60,000 miles of intricate pipelines make up our bodies, and they are essential for distributing nutrition, removing waste, and replenishing our organs with new oxygen and blood. A category of uncommon hereditary diseases known as vascular malformations (VMs) is characterized by the aberrant creation of veins, arteries, capillaries, or lymphatic vessels at birth. By generating obstructions, poor drainage, the growth of cysts, and tangles, VMs can obstruct the functions of our priceless pipes.
William Polacheck, Ph.D., an assistant professor at the UNC-NCSU Joint Department of Biomedical Engineering and the Department of Cell Biology and Physiology, and his group from the UNC School of Medicine have created a model that mimics VMs that are specifically brought on by a mutation of PIK3CA—a gene that has been linked to numerous forms of lymphatic, capillary, and venous malformations—in order to fill a need for additional research.
Science Advances published their research.
“There are a number of ‘chicken and the egg problems’ of the PIK3CA mutation,” said Polacheck. “Is it causing something else to go wrong? Or is there something else in the environment that’s causing the mutation to have more severe effects? Working in a much more controlled environment, such as a microfluidic model, allows us to isolate and figure out how the genetics of the disease relate to what is happening in the cells.”
Gene mutations that control how the body’s vasculature develops throughout the body are the source of VMs. One of the genes is PIK3CA, short for phosphoinositol-4,5-bisphosphate 3-kinase catalytic subunit alpha. In a figurative sense, it is a “hotspot” for mutations that lead to abnormalities in the smaller blood arteries, which result in blood pooling under the skin.
Little research has been done on this particular type of vascular abnormality, which is typically seen at birth. Some illnesses begin when the baby is still developing. At this stage of the child’s development, there are a lot of changes occurring, making it challenging for researchers to study.
Developing a Team
A new strategy to simulate the illness, which affects the majority of her patients, was required, according to Julie Blatt, MD, a professor of pediatric hematology-oncology in the UNC Department of Paediatrics.
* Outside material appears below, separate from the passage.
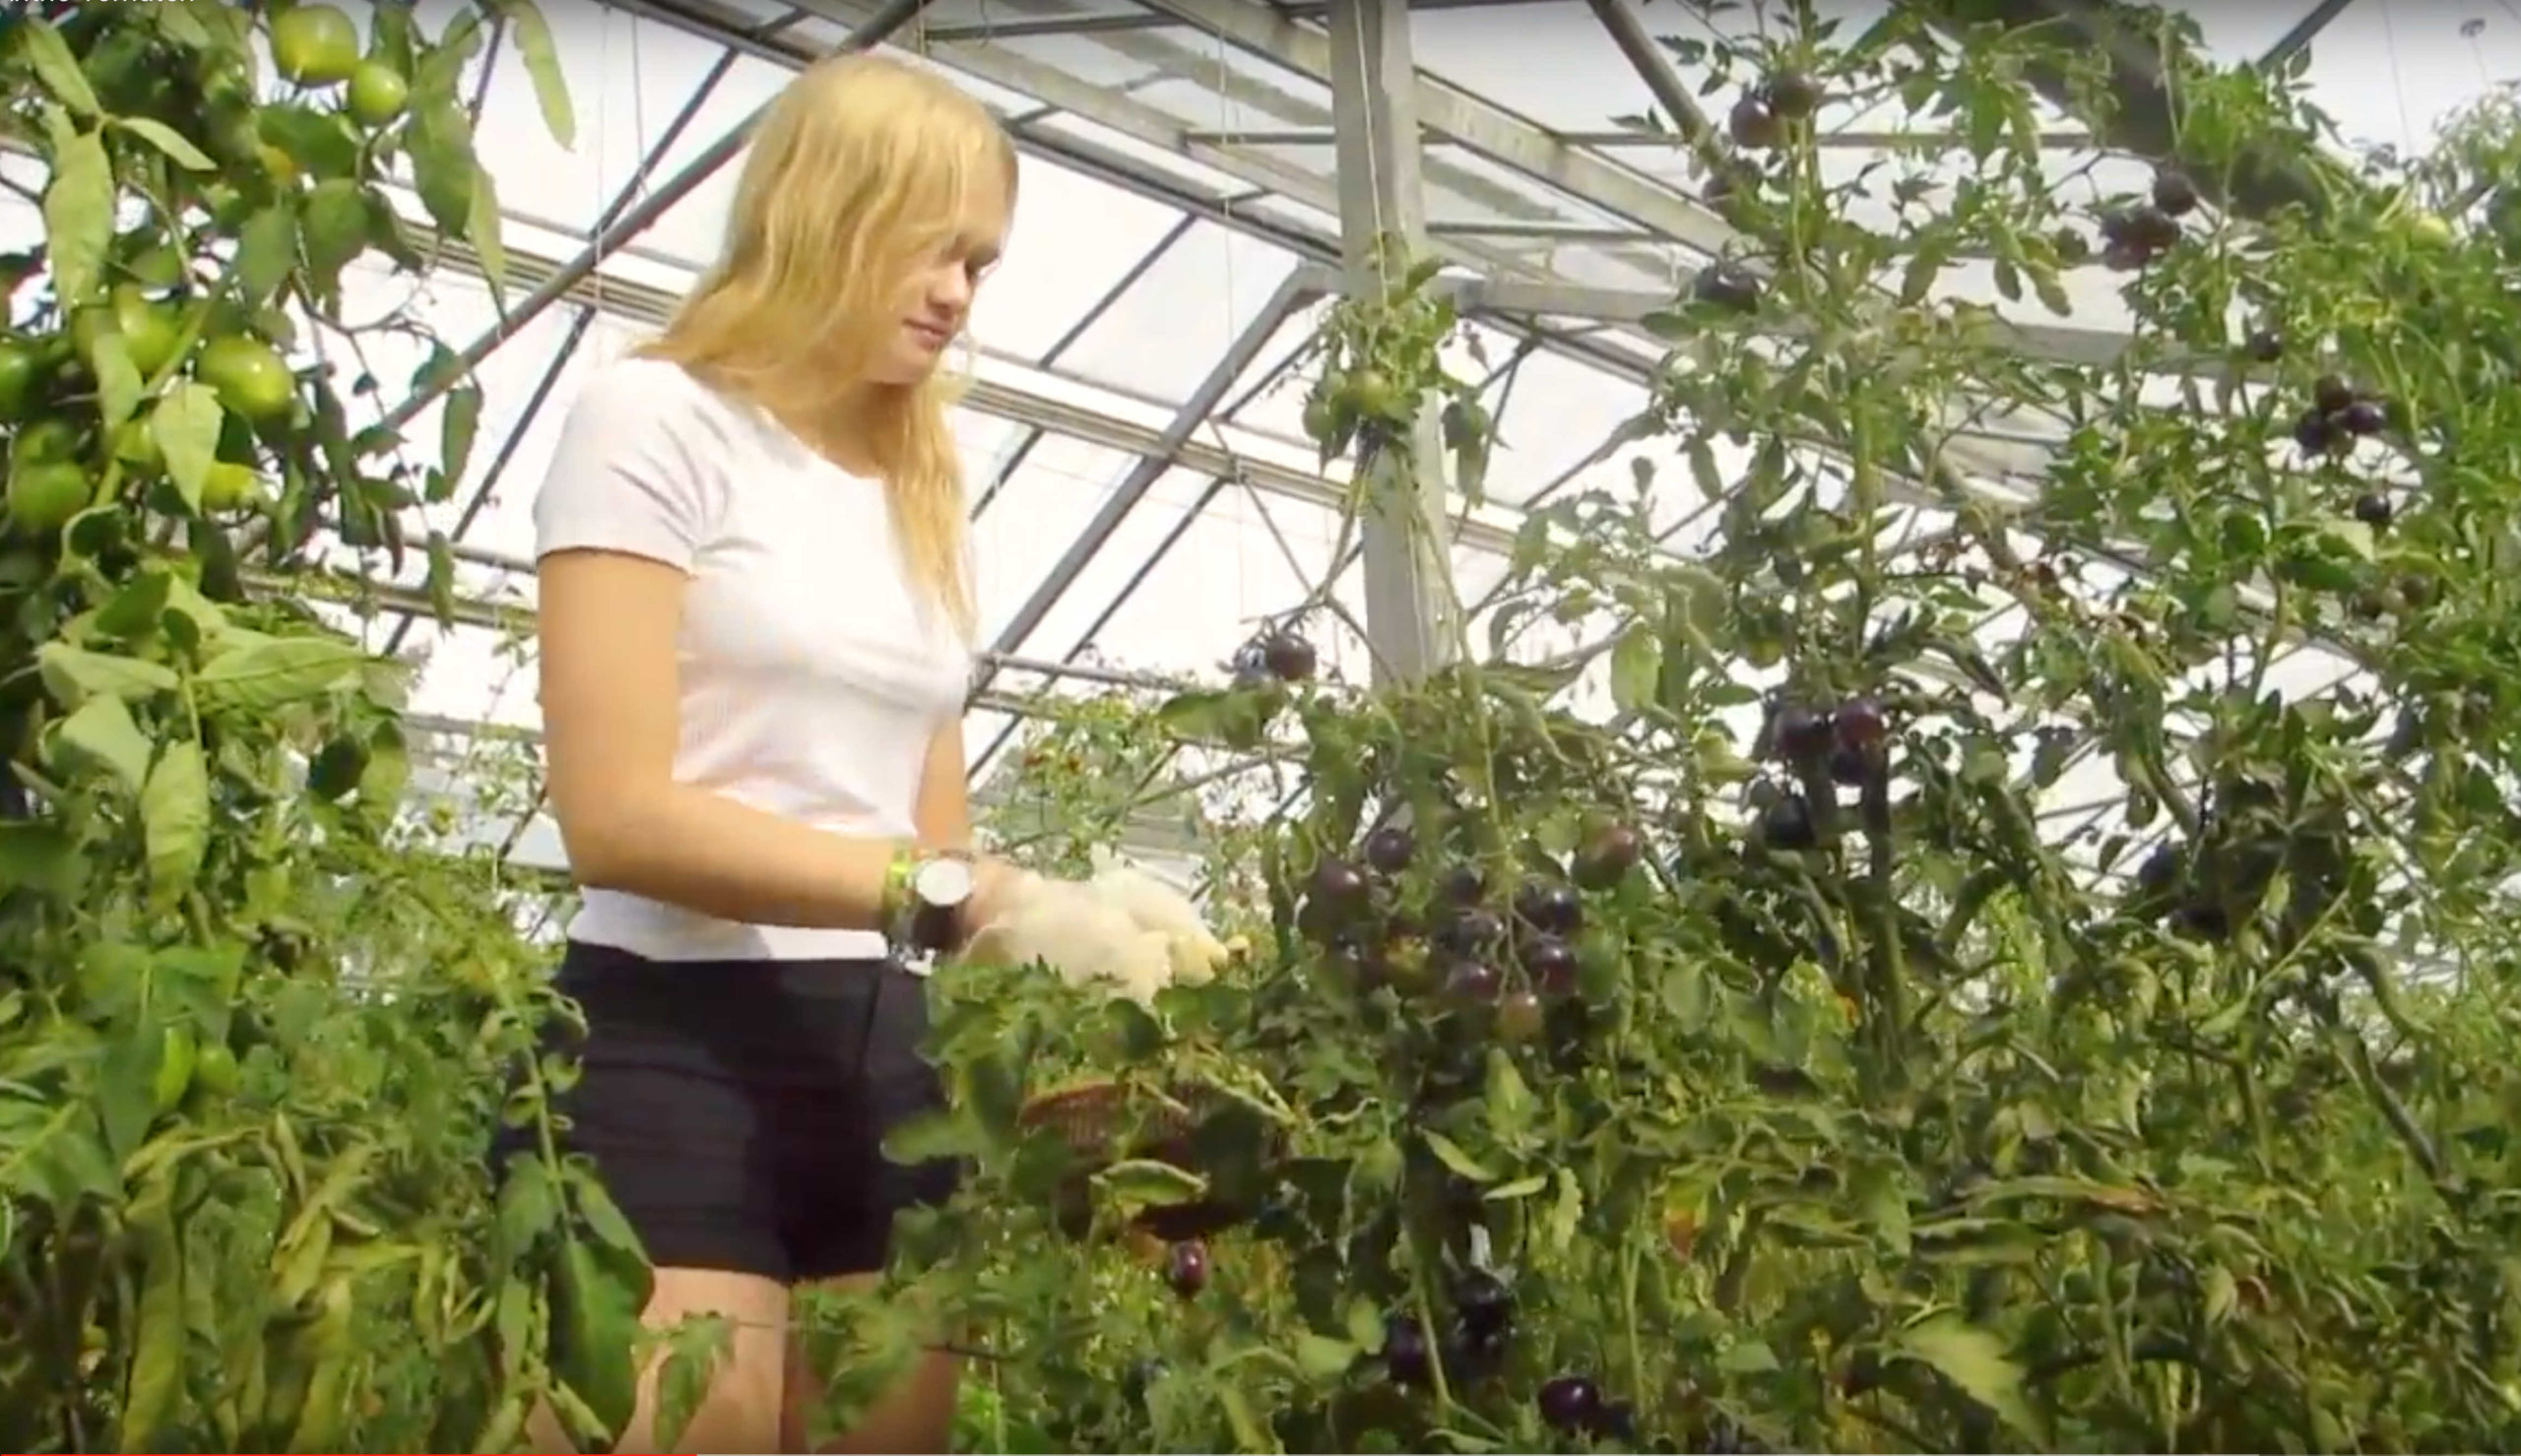 Lotti bei den schwarzen Tomaten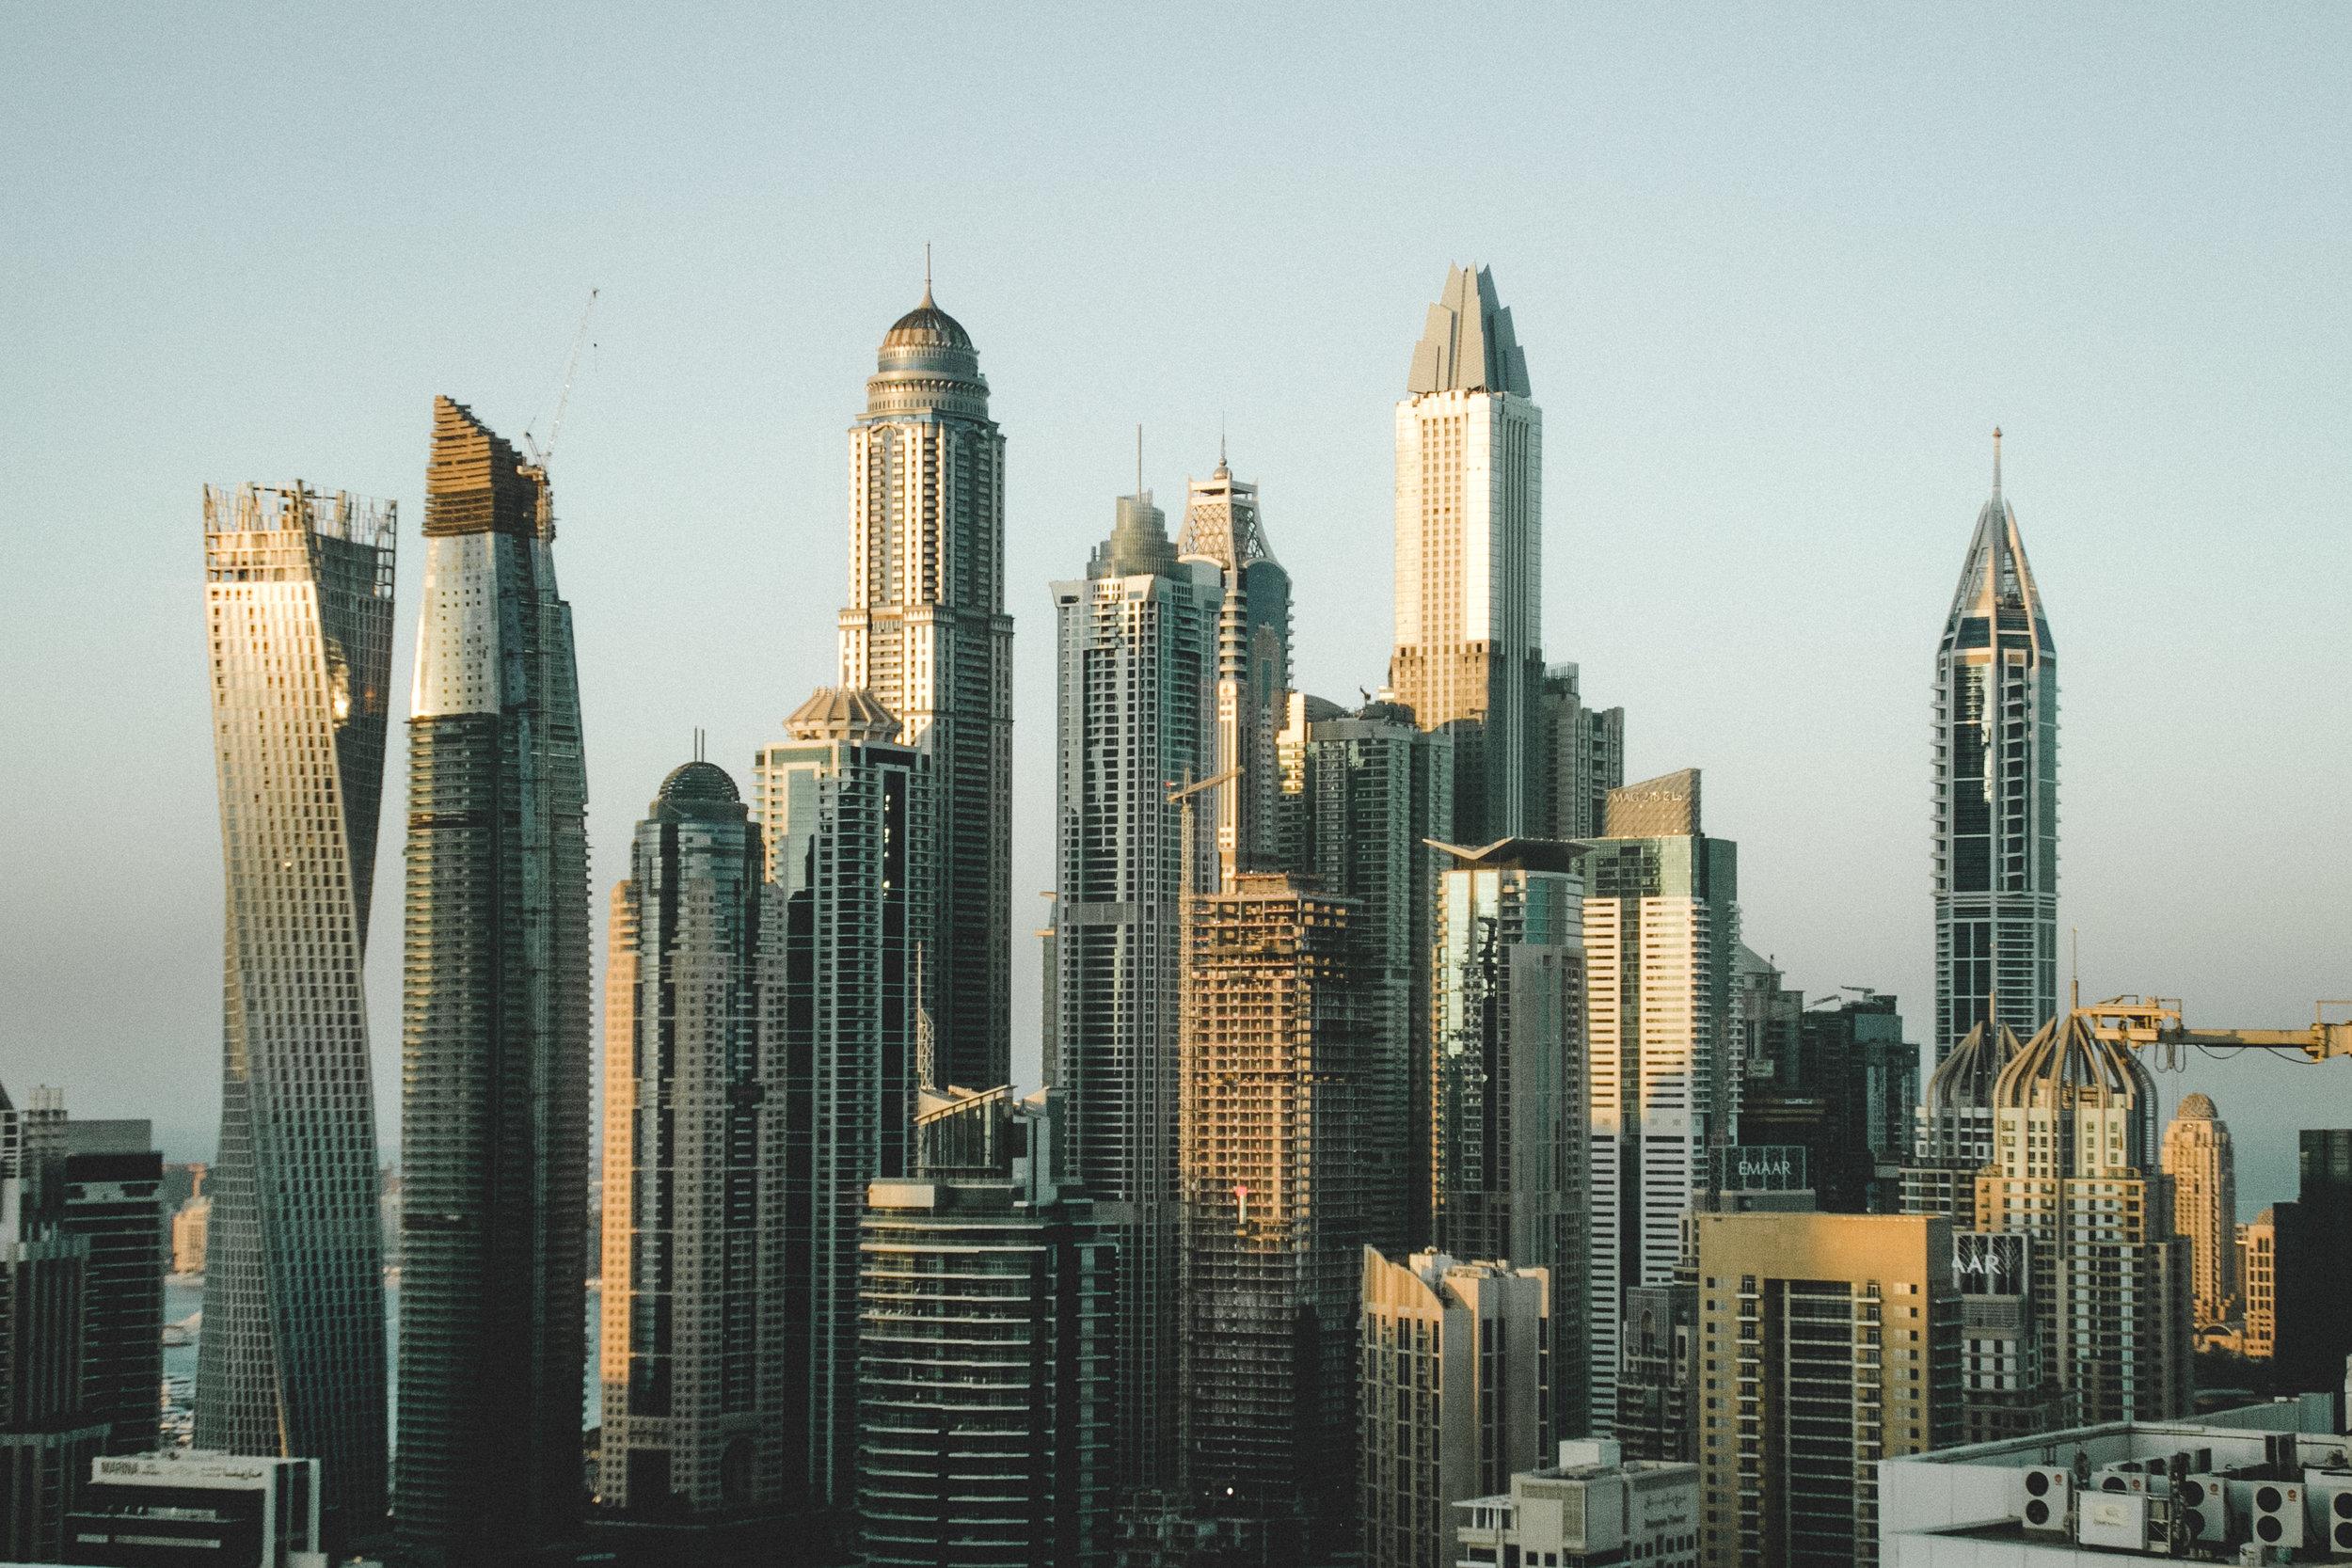 Free Walking Tour - Existen varias compañías que ofrecen tours gratuitos para recorrer Dubai. Conocer el desarrollo de esta gran ciudad puede ser una de las experiencias más sorprendentes en tu viaje. Aunque existen varias compañías, una de las más famosas es Airo Tour. Esta ofrece recorridos a pie gratuitos por la ciudad para entre 2 y 20 personas a la vez. No pagarás por el recorrido, pero AiroTour -o cualquier otra compañía- le pedirá que catalogue a su experiencia utilizando propinas si cree que se hizo un buen trabajo.

Dr. Blatt picked up the phone and cold-called Polacheck, who is a biomedical engineer by profession, to ask whether he could develop a microfluidic model of PIK3CA0-specific vascular malformations. Dr. Blatt is interested in repurposing cancer medications to treat young patients with vascular anomalies.
Wen Yih Aw, Ph.D., was simultaneously completing her postdoctoral degree at UNC Catalyst, a research team at the Eshelman School of Pharmacy devoted to researching uncommon diseases. Aw eventually began working with the Polacheck lab using basic science on different projects.
In addition to Blatt and Aw, the lab has collaborated with Boyce Griffith, Ph.D. in the Department of Mathematics and the Computational Medicine Program, who is helping with analyzing the structures of the networks.
“All those pieces, I think were necessary to complete the work,” said Polacheck. “It does say something about UNC because there were multiple colleges and departments working together. There were no barriers whatsoever to working together on this project.”
A Microfluidic Model’s Operation
Microfluidic models are tiny, three-dimensional objects that can be used to imitate or manipulate the environment inside the body. They are only a millimeter in size. In this instance, the device’s interior is centered with a little chunk of healthy blood vascular tissue. From there, the scientists can modify the model by adding particular chemicals and mechanical forces to mimic bodily situations. The PIK3CA mutation is then started by them.
The researchers needed to carry out a pharmacological efficacy study to determine whether or not their model accurately depicts the disease’s appearance.
Rapamycin and alpelisib are two medications that are now being utilized to treat vascular malformations. The FDA has approved the latter, a recently identified PIK3CA-specific inhibitor, to treat select forms of breast cancer and the PIK3CA-related overgrowth spectrum. Pre-clinical research in people and rodent models has so far demonstrated that alpelisib is more successful in correcting vascular malformation abnormalities.
Polacheck and Awe chose the two medications and then treated their equipment. The research was successful.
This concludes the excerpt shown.